PLUR is a collection of source code datasets suitable for graph-based machine learning.

Google Research

Last update: Nov 25, 2022

Related tags

Overview

PLUR

PLUR (Programming-Language Understanding and Repair) is a collection of source code datasets suitable for graph-based machine learning. We provide scripts for downloading, processing, and loading the datasets. This is done by offering a unified API and data structures for all datasets.

Installation

SRC_DIR=${PWD}/src
mkdir -p ${SRC_DIR} && cd ${SRC_DIR}
# For Cubert.
git clone https://github.com/google-research/google-research --depth=1
export PYTHONPATH=${PYTHONPATH}:${SRC_DIR}/google-research
git clone https://github.com/google-research/plur && cd plur
python -m pip install -r requirements.txt
python setup.py install

Test execution on small dataset

cd plur
python3 plur_data_generation.py --dataset_name=manysstubs4j_dataset \
  --stage_1_dir=/tmp/manysstubs4j_dataset/stage_1 \
  --stage_2_dir=/tmp/manysstubs4j_dataset/stage_2 \
  --train_data_percentage=40 \
  --validation_data_percentage=30 \
  --test_data_percentage=30

Usage

Basic usage

Data generation (step 1)

Data generation is done by calling plur.plur_data_generation.create_dataset(). The data generation runs in two stages:

Convert raw data to plur.utils.GraphToOutputExample.
Convert plur.utils.GraphToOutputExample to TFExample.

Stage 1 is unique for each dataset, but stage 2 is the same for almost all datasets.

from plur.plur_data_generation import create_dataset

dataset_name = 'code2seq_dataset'
dataset_stage_1_directory = '/tmp/code2seq_dataset/stage_1'
stage_1_kwargs = dict()
dataset_stage_2_directory = '/tmp/code2seq_dataset/stage_2'
stage_2_kwargs = dict()
create_dataset(dataset_name, dataset_stage_1_directory, dataset_stage_2_directory, stage_1_kwargs, stage_2_kwargs)

plur_data_generation.py also provides a command line interface, but it offers less flexibility.

python3 plur_data_generation.py --stage_1_dir=/tmp/code2seq_dataset/stage_1 --stage_2_dir=/tmp/code2seq_dataset/stage_2

Data loader (step 2)

After the data is generated, you can use PlurDataLoader to load the data. The data loader loads TFExamples but returns them as numpy arrays.

from plur.plur_data_loader import PlurDataLoader
from plur.util import constants

dataset_stage_2_directory = '/tmp/code2seq_dataset/stage_2'
split = constants.TRAIN_SPLIT_NAME
batch_size = 32
repeat_count = -1
drop_remainder = True
train_data_generator = PlurDataLoader(dataset_stage_2_directory, split, batch_size, repeat_count, drop_remainder)

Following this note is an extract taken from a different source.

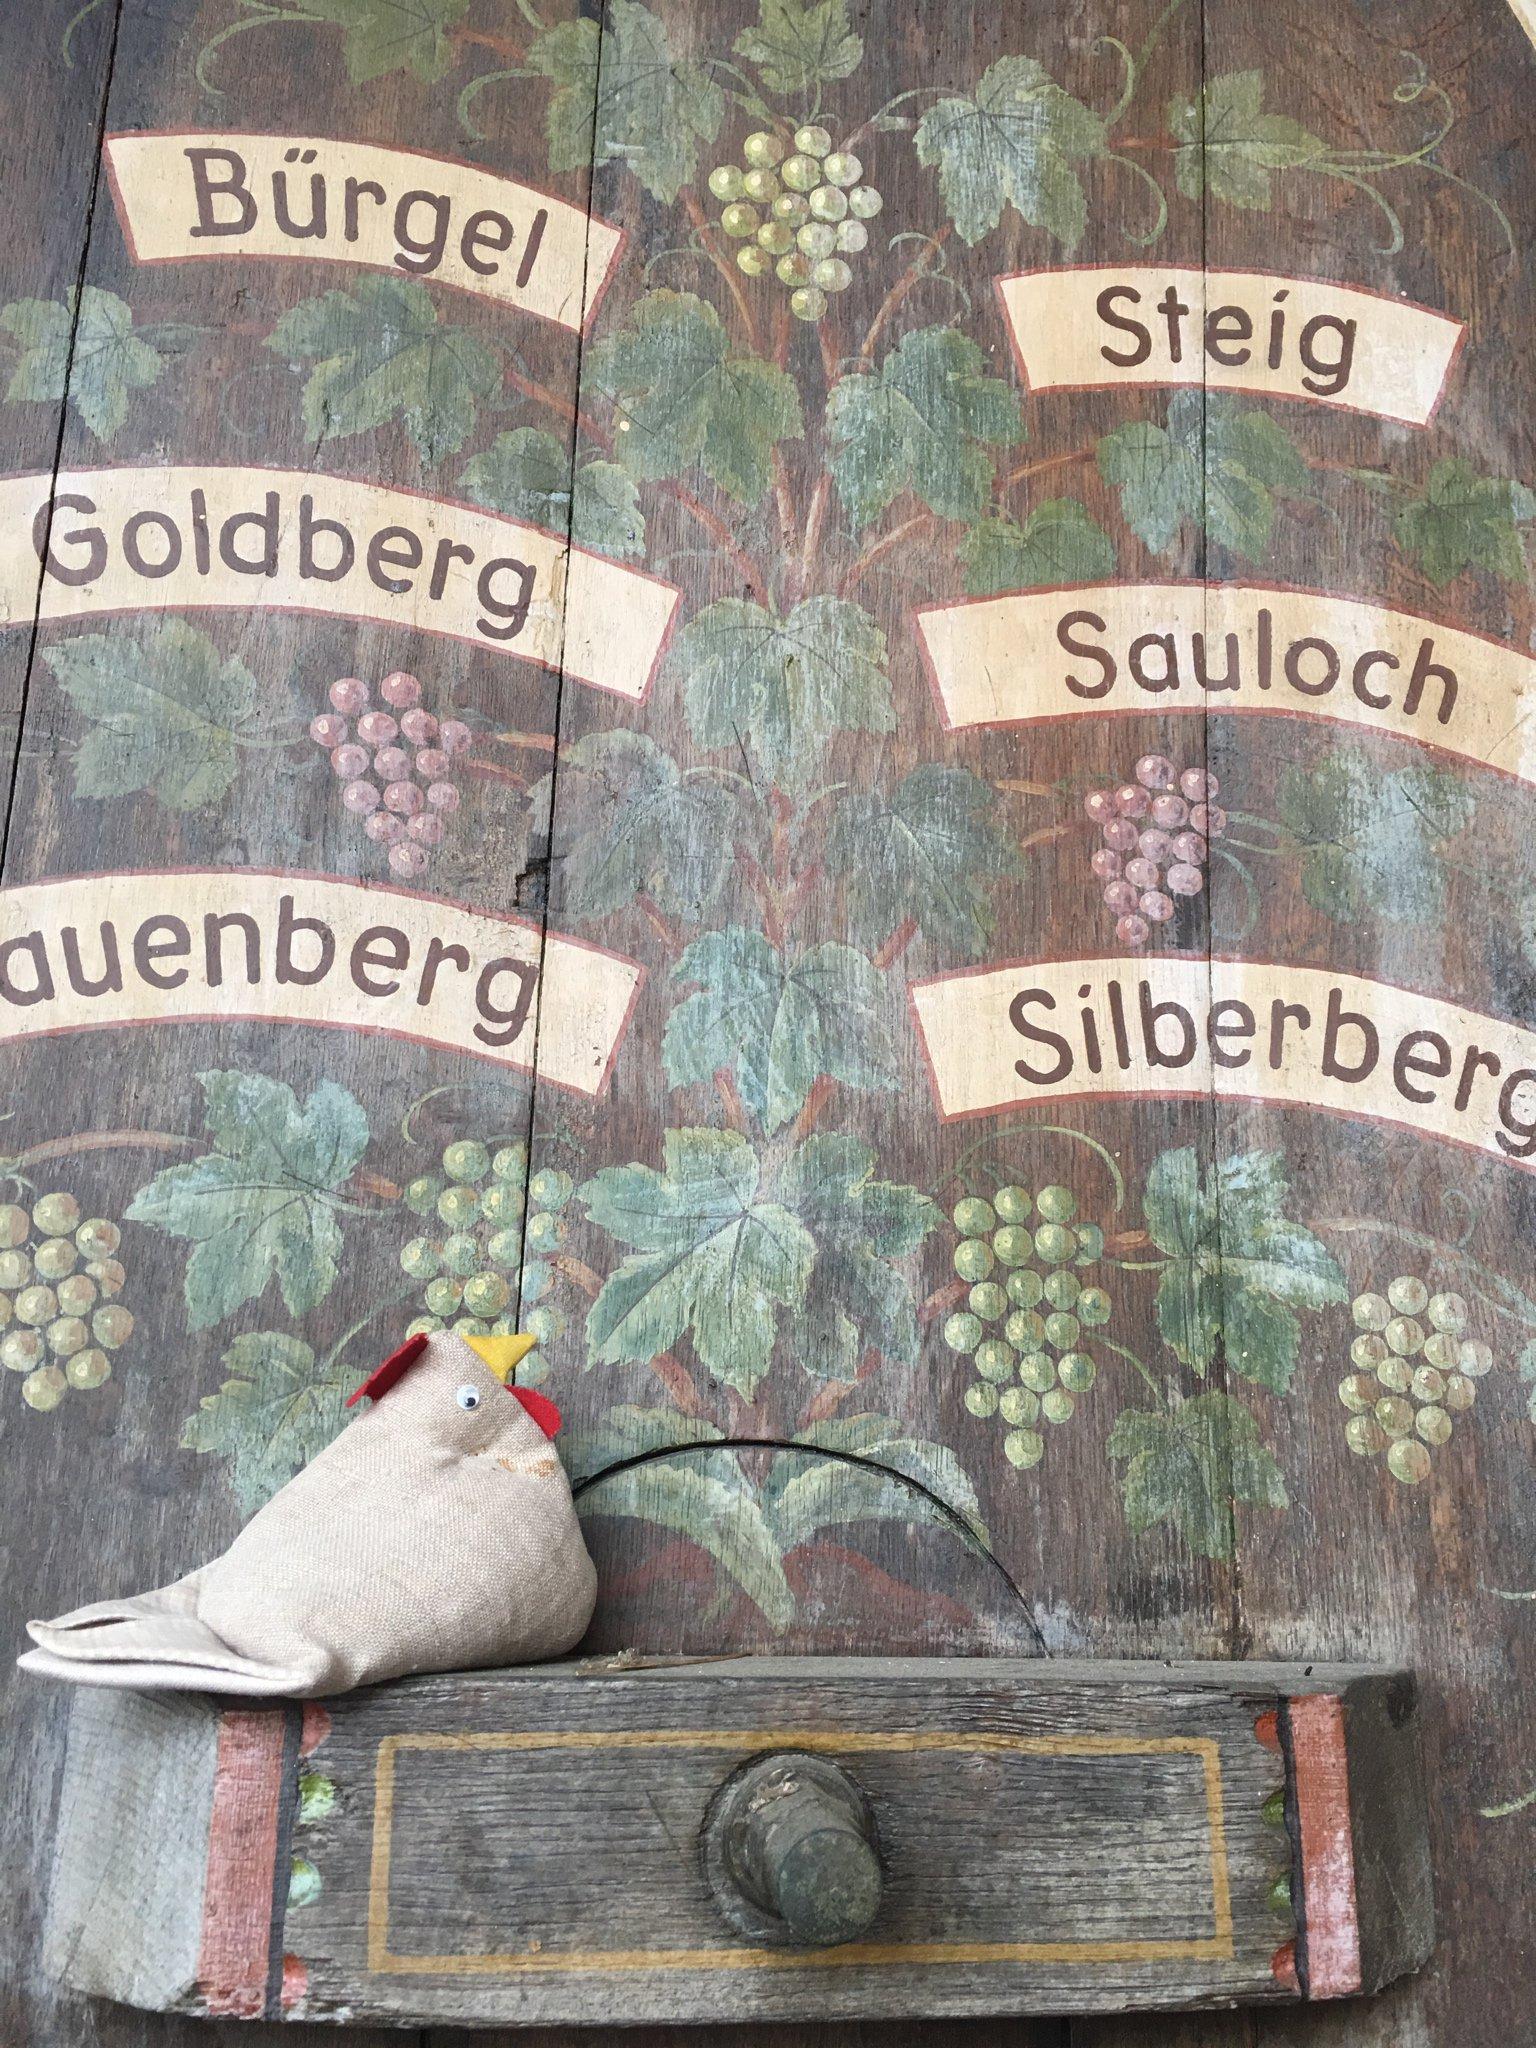 Sauloch #meurers #vcrhh17 #Vinocamp https://t.co/iZQXhV8LvV

for batch_data in train_data_generator:
  # your training loop...

Training (step 3)

This is the part where you use your own model to train on the PLUR data.

The models and the training code from the PLUR paper are not yet part of the current release. We plan to release it in the near future.

Evaluating (step 4)

Once the training is finished, you can generate the predictions on the test data and use plur_evaluator.py to evaluate the performance. plur_evaluator.py works in offline mode, meaning that it expects a file containing the ground truths, and a file containing the predictions.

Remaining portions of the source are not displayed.